Exposing the Homeless Industrial Complex
Homeless people wait to be checked into a hotel room in Venice Beach, Calif., on April 26, 2020. Apu Gomes/AFP via Getty Images
Edward Ring
Updated:
0:00
Commentary
Earlier this month, a guest column in the San Jose Spotlight defended efforts by homeless nonprofits to end homelessness in Santa Clara County. The writer, Ray Bramson, is the chief impact officer at the nonprofit Destination: Home, a tax-exempt organization that collected more than $62 million in contributions and grants in 2020 (pdf). The CEO of this organization made a reported $335,404 that year, and one of the directors made a whopping $754,871, of which a hefty $693,186 was “base compensation.”
Let’s suppose these salaries are justifiable, since it isn’t unusual for an organization with revenue of $62 million to have executives who make that much. The problem is that this organization is the product of perverse incentives. The management of public space has been taken over by what has now become a homeless industrial complex. Organizations like Destination: Home won’t flourish if homelessness is eliminated. Instead, like many other prosperous nonprofits and heavily funded government programs, the more they fail, the bigger they get.
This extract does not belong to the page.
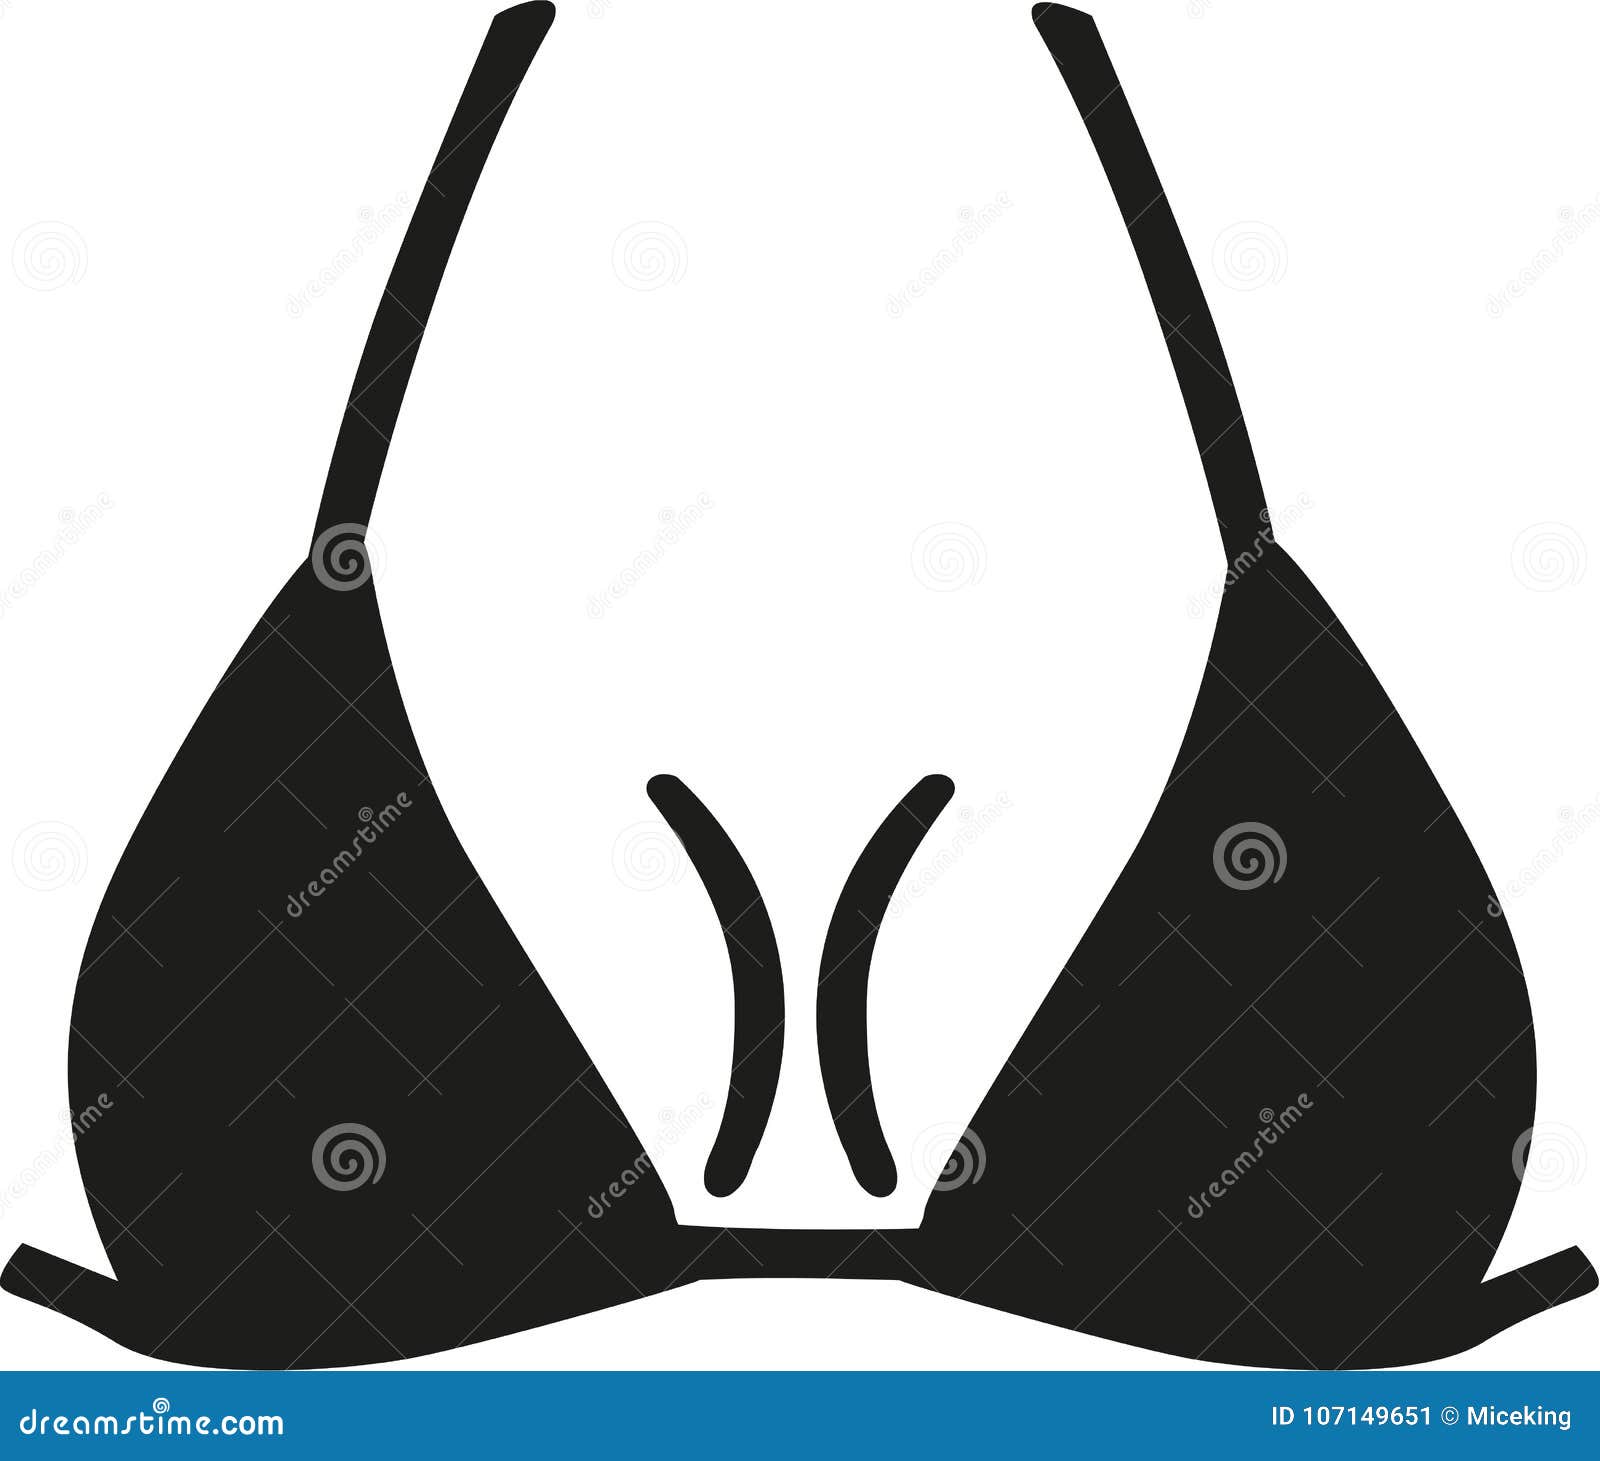 Triangle bikini with boobs stock illustration. Illustration of

In his column, Bramson attacks his critics. He writes: “The rhetoric machine likes to foment discord with the general public. It’s either that nothing is being done or it’s being done the wrong way. We need to criminalize, blame the individual for their shortcomings, complain about costs, or find a way to protect the community first, which almost always means putting the needs of the most vulnerable people last.”

Well, in deference to Bramson, plenty is being done. But it’s being done the wrong way. Earlier this year, Santa Clara County announced a plan to spend $75 million to build 758 apartments for the homeless. That’s $100,000 per unit, which, believe it or not, is considerably less than many other counties and cities in California are spending. Then again, it isn’t clear what matching funds may not be included in that total. But when the response to homelessness is to spend millions, or billions, to build subsidized housing, these homeless advocates are missing a more fundamental point: The doctrine of “housing first” is flawed.
The Housing First model is defined by the Department of Housing and Urban Development (HUD) as “an approach to quickly and successfully connect individuals and families experiencing homelessness to permanent housing without preconditions and barriers to entry, such as sobriety, treatment or service participation requirements.”
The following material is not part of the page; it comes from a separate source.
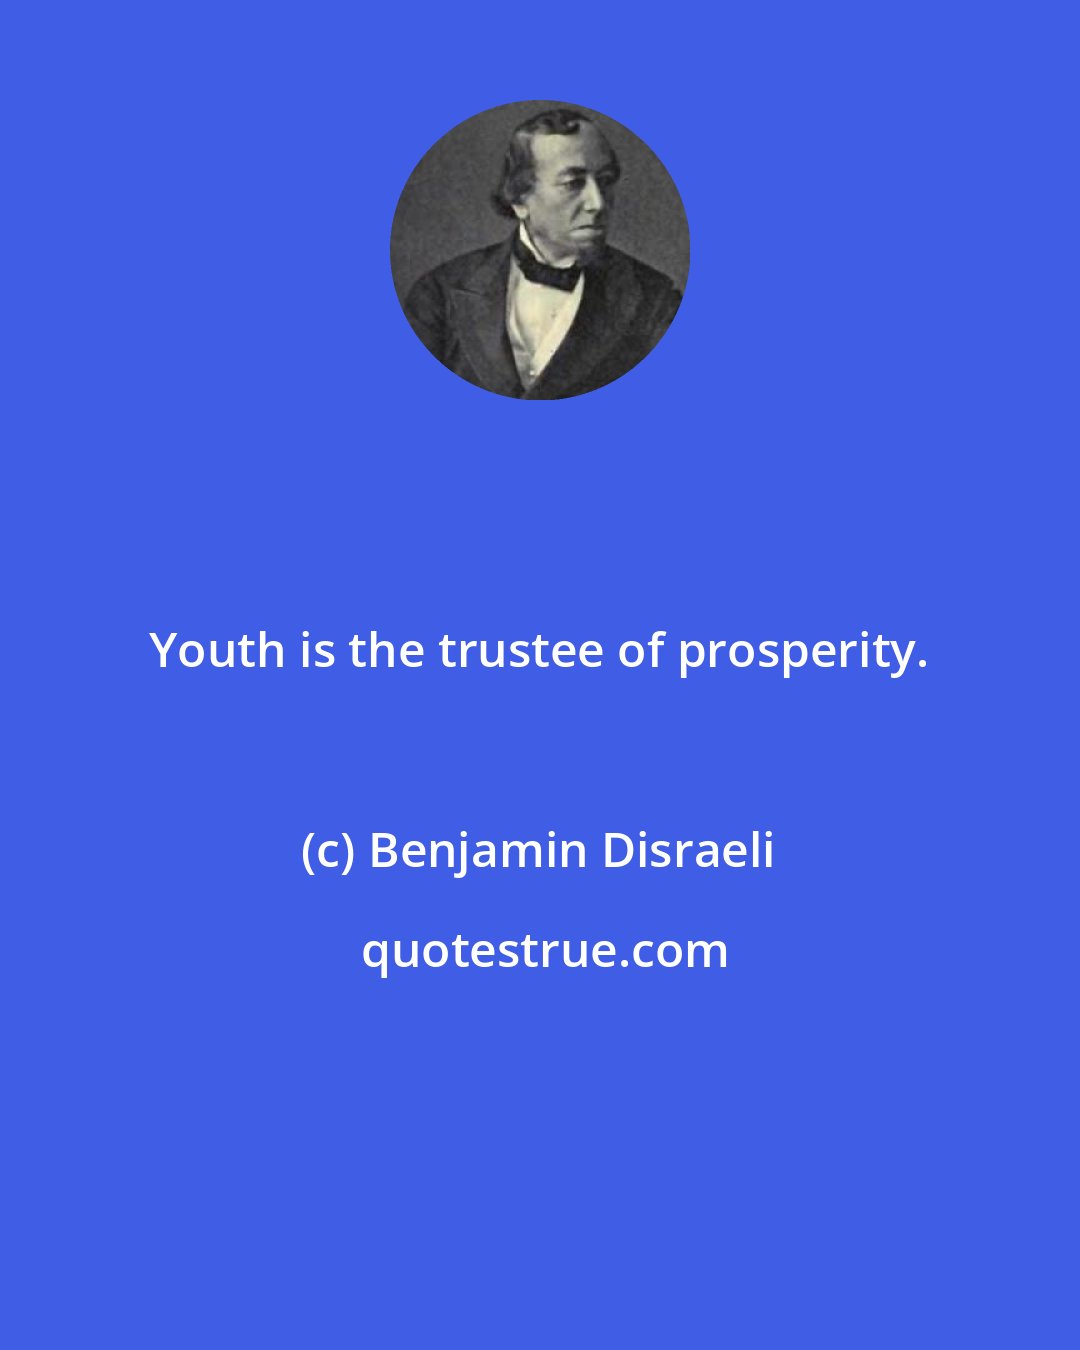 Benjamin Disraeli: Youth is the trustee of prosperity.

It’s difficult to imagine an approach that’s more naïve, more corruptible, or more counterproductive. When it comes to giving people free housing with no conditions, the more you build, the more people will come. Free housing is not only a magnet for the indigent, but it also breeds indigence. And yet Housing First has been the governing principle in homeless policy for nearly 20 years—precisely the period in which rates of homelessness have exploded.

California’s homeless industrial complex isn’t populated by idiots. They ought to know that if you don’t put behavioral conditions on subsidized or free housing, you will never stop attracting people to avail themselves of your service. In some cases, the offer of free housing will even corrupt the character of individuals who are teetering between becoming unproductive and letting the system take care of them, or trying harder to maintain sobriety and personal independence.
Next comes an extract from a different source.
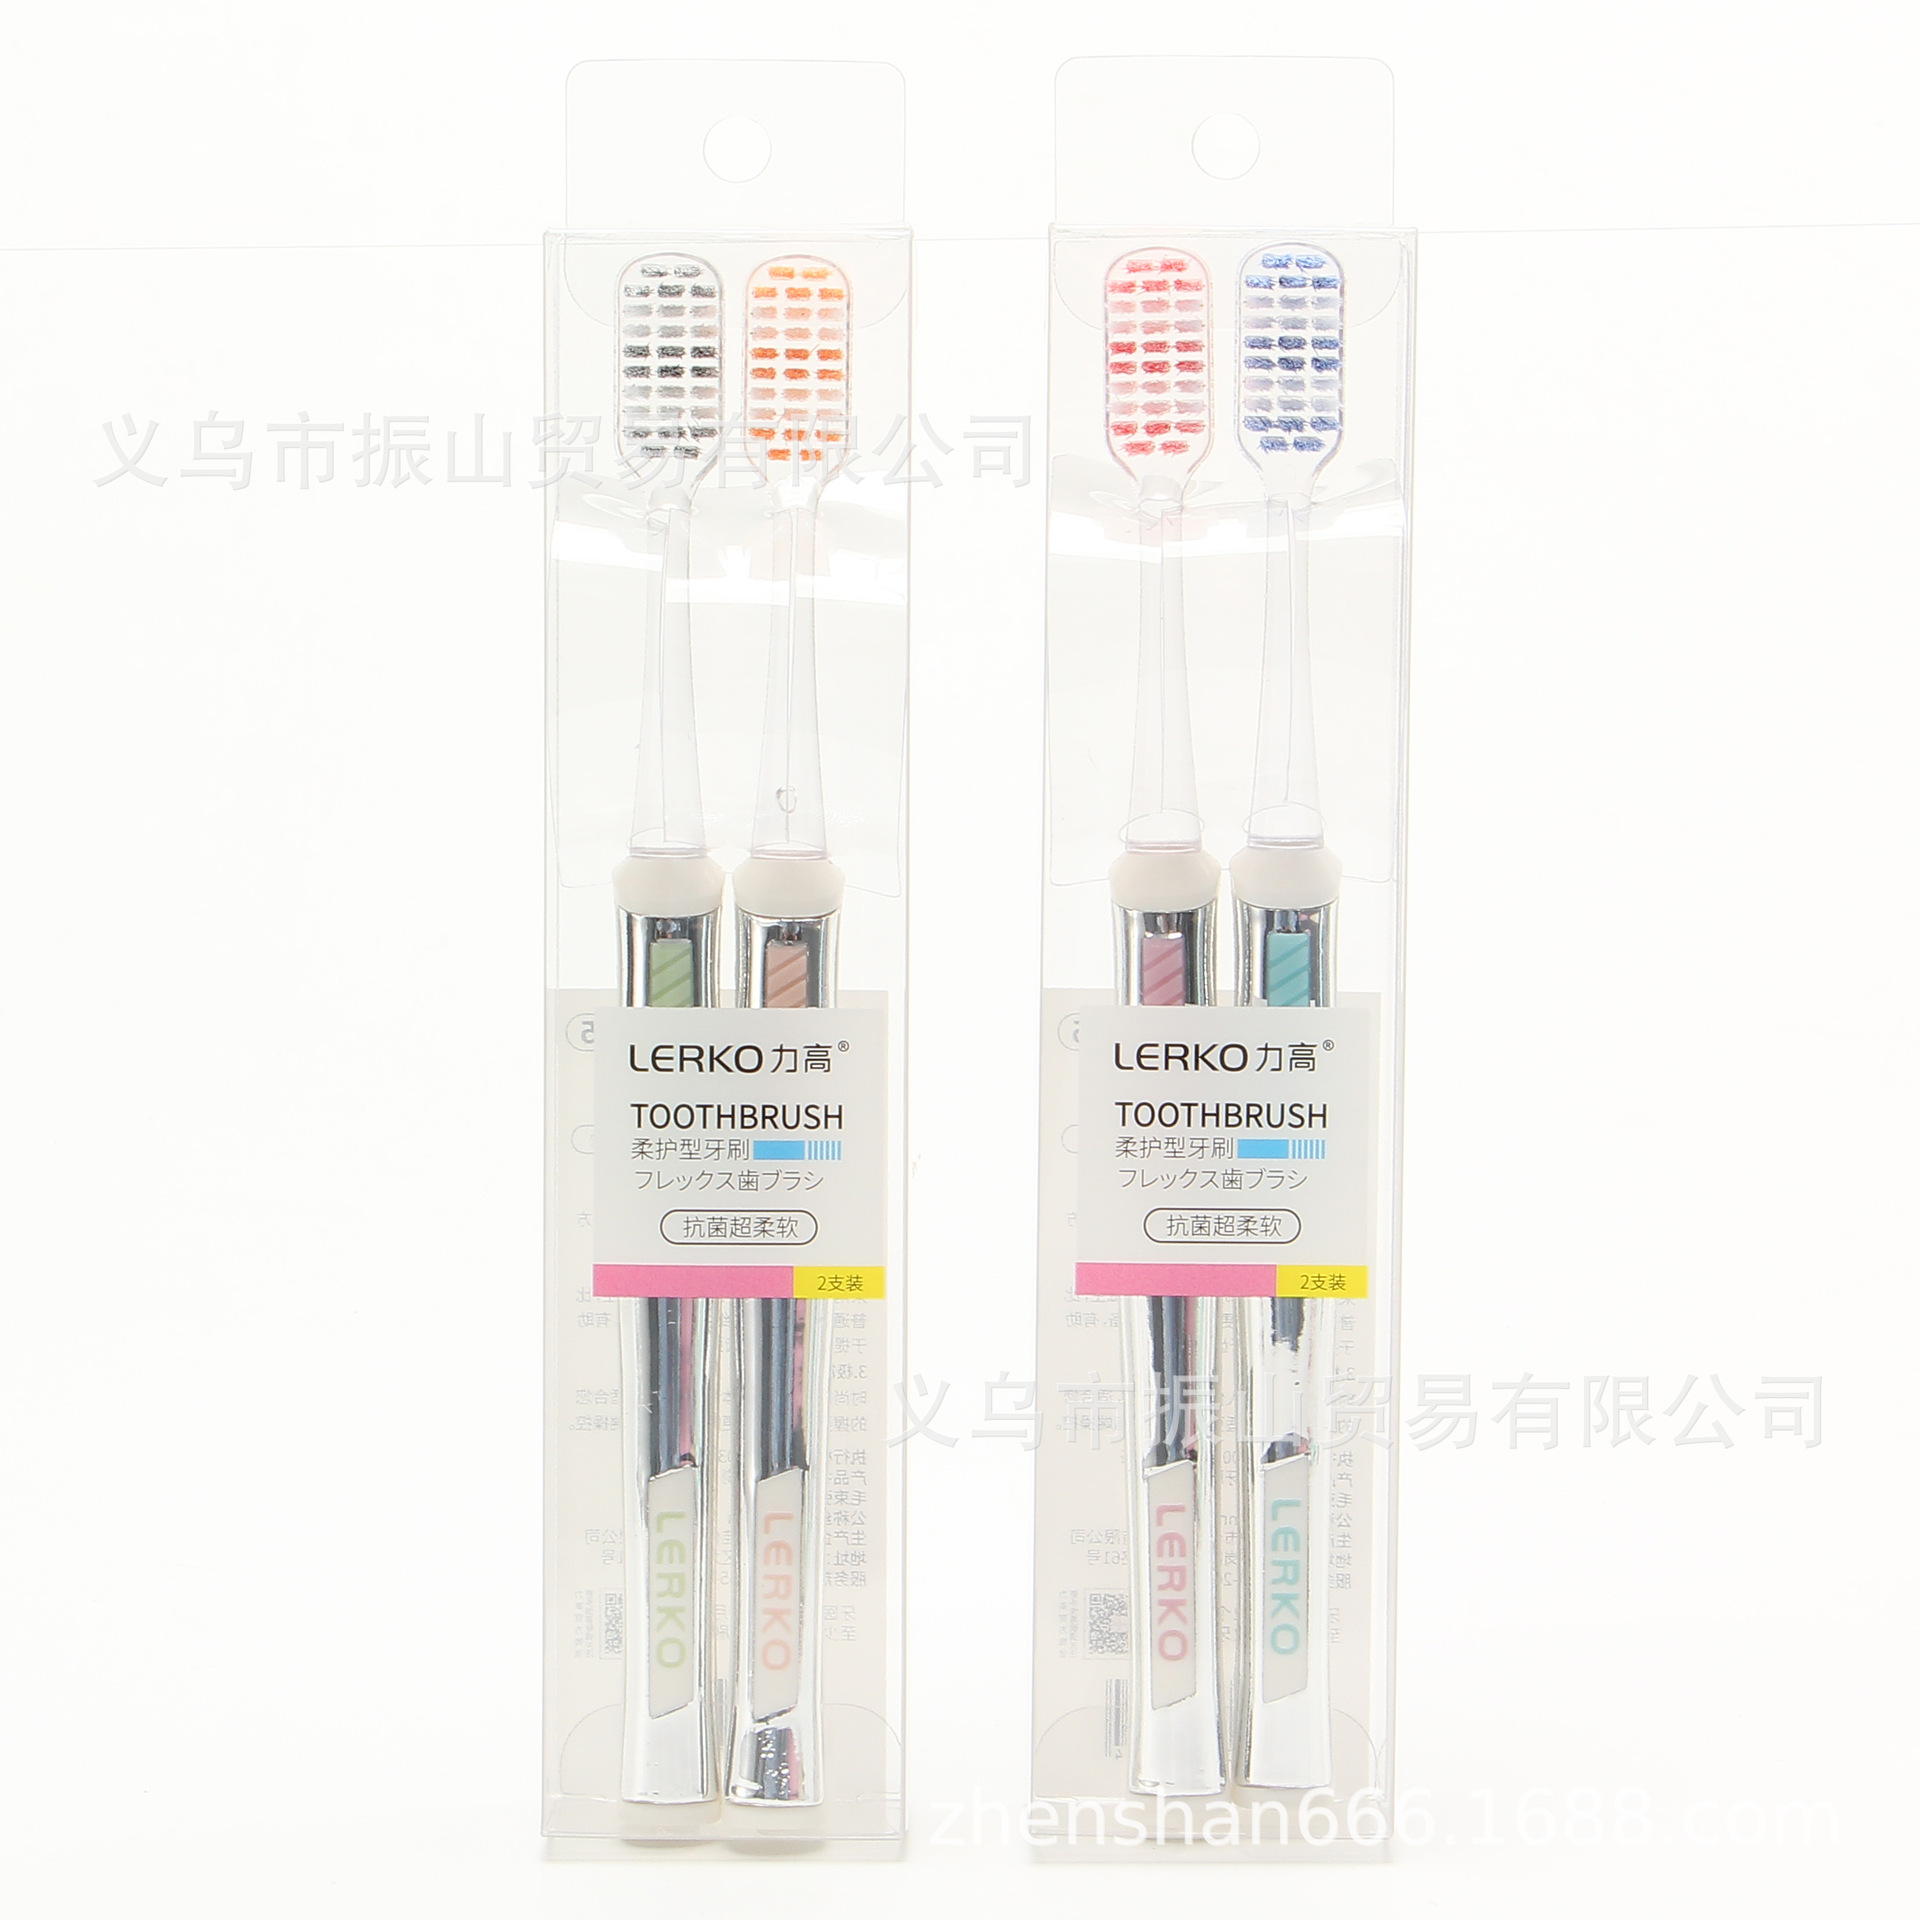 ligao 805 pvc box couple pack streamer toothbrush handle horizontal hair arrangement spiral soft-bristle toothbrush

When Bramson accuses critics of the homeless industrial complex of being a “rhetoric machine” that likes to “foment discord,” he’s being more than a bit hypocritical. Whenever public meetings are held about where to site subsidized apartment buildings in peaceful neighborhoods, objections from the local residents are overwhelmed by well-organized and belligerent homeless activists who don’t live there, who shout them down, calling them privileged, racists, and NIMBYs (an acronym that stands for “not in my backyard”). The comments that followed Bramson’s column, overwhelmingly skeptical, offer an authentic perspective from the community:

“How about actually treating severe mental illness and substance abuse as opposed to putting chronically homeless people in the wrong programs with the wrong interventions while not addressing root causes? This is the Housing First model defined—and people like you aimlessly support it, while never questioning why the issue has gotten worse, a lot worse, over the last 10-years,” one commenter, who goes by Time to Be Honest, writes.

Or,

“The homeless around my home have dehumanized themselves by defecating in my yard and bushes, burning down tree after tree, stealing water and power from my porch, creating and leaving piles of putrefying waste everywhere, screaming and yelling constantly, parading around without pants, etc.,“ a commenter named Bob writes. ”I’d be more than happy to pay taxes to reopen the state’s mental health system, but no politician is trying to do so. The theory that more housing will reduce homelessness is laughable when one actually comes into contact with the homeless people currently occupying all the encampments. These people don’t want housing, they want to just be left alone to do as they please.”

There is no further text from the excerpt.